Joseph engages a narrow range of subjects, of which she returns to consistently, allowing for a familiarity which, for her, is essential. Nevertheless, conditions such as weather, light and human interaction provide infinite variety: 'A subject is never the same twice, and the more you look at it, the more differences you are going to find.' Negative space also holds a quiet, enigmatic power in her works: 'I wanted more and more to make the white paper speak as much as the black marks. But of course, you need dark to make light, however little of it you use.'

Alongside her large-scale architectural drawings, Joseph looks to the natural world, as seen in her drawings of the Mallaig countryside on the West Coast of Scotland, and Rosendale Allotments in Herne Hill, London. She explains: 'Plants were something to focus on when everything around you was so chaotic.' In the works, nature is an inherent but robust presence. 'The beauty of them was how they survived London and human life all around them.'

2009, chalk and charcoal by Jane Joseph (b.1942)

The Thames from Kew, tide rising, October

2009, chalk and charcoal by Jane Joseph (b.1942)

This sentiment is echoed in a series of etchings commissioned by The Folio Society in 1999 to accompany Primo Levi's seminal text If This Is a Man, a portrayal of Levi's experience as a Jewish prisoner of war in Auschwitz. 'It was the first time that I'd ever had to make a body of work.' Joseph, who is Jewish, but did not grow up practising the religion, tells me: 'For me, the text is about survival. It's about managing. What I tried to focus on was the uplifting side of the writing. I decided that it was fundamentally important to stick to the fact that he survived.'

The etchings are currently on display at The Fitzwilliam Museum, Cambridge.

On the confines of genre and the often gendered, side-lining of artistic disciplines, Joseph notes: 'Printmaking is not taken seriously as a heavyweight substantial medium in its own right – it is often viewed purely as craft. However, nothing is created in a vacuum. Etchings have got to come down from a bigger discipline.'

2011, chalk and charcoal by Jane Joseph (b.1942)

Waterloo Station

2011, chalk and charcoal by Jane Joseph (b.1942)
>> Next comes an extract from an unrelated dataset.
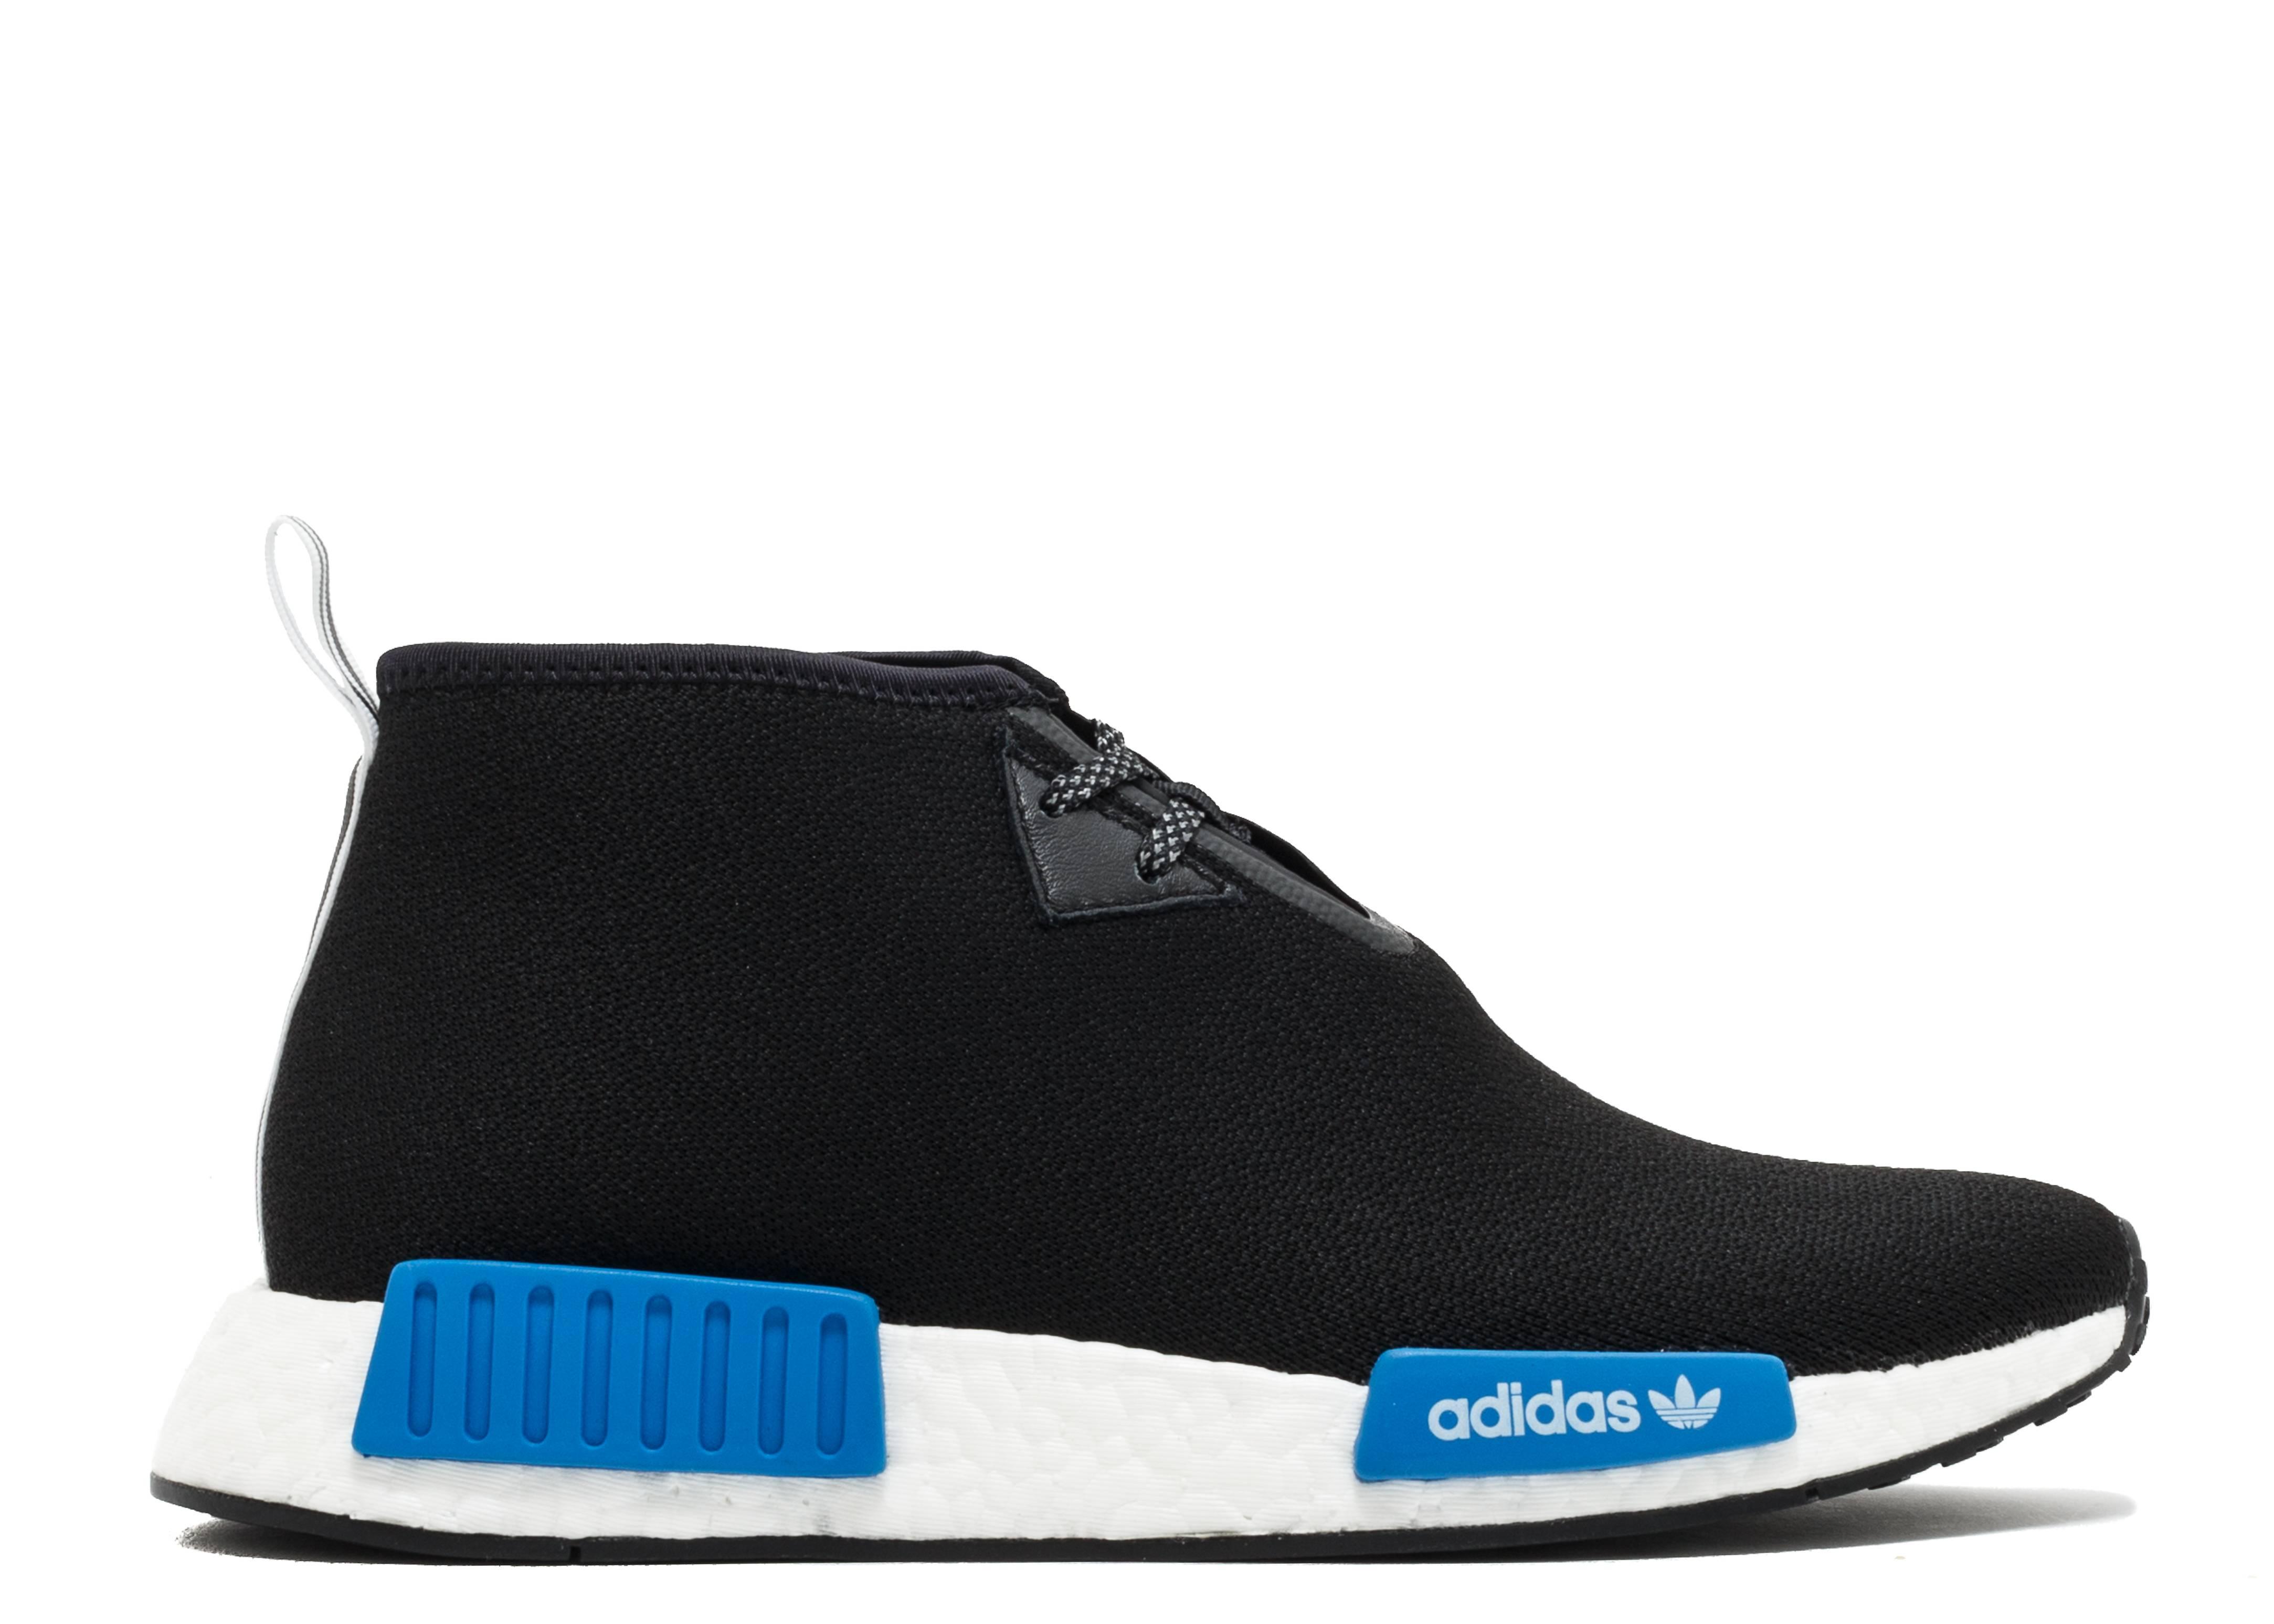 sports shoes 6f9c2 8edf2 adidas. nmd c1 porter

Curiously, Joseph has never referred to herself as an 'artist', but rather a painter, printmaker and draughtsman. And what is so enticing about printmaking? 'It's the reverse. It's like reading a book. Like how you get used to looking in a mirror – I got used to the reverse very quickly. It points out the next step to make. You are looking at what you've drawn in a mirror image, and it points out different things to you. It's full of very boring procedures,' she says, drily – 'But they gave me time to think about what to do next.'

A retrospective of Joseph's 45-year career and showcase of many of her finest artworks, 'A Life Drawn' is a celebration of a life of art – teaching and supporting young artists as a treasured member of the Morley community.

Melissa Baksh, art historian, freelance writer, and Gallery and Exhibitions Officer at Morley College London

The exhibition 'A Life Drawn: Jane Joseph retrospective' is at the Morley Gallery until 30th March 2023.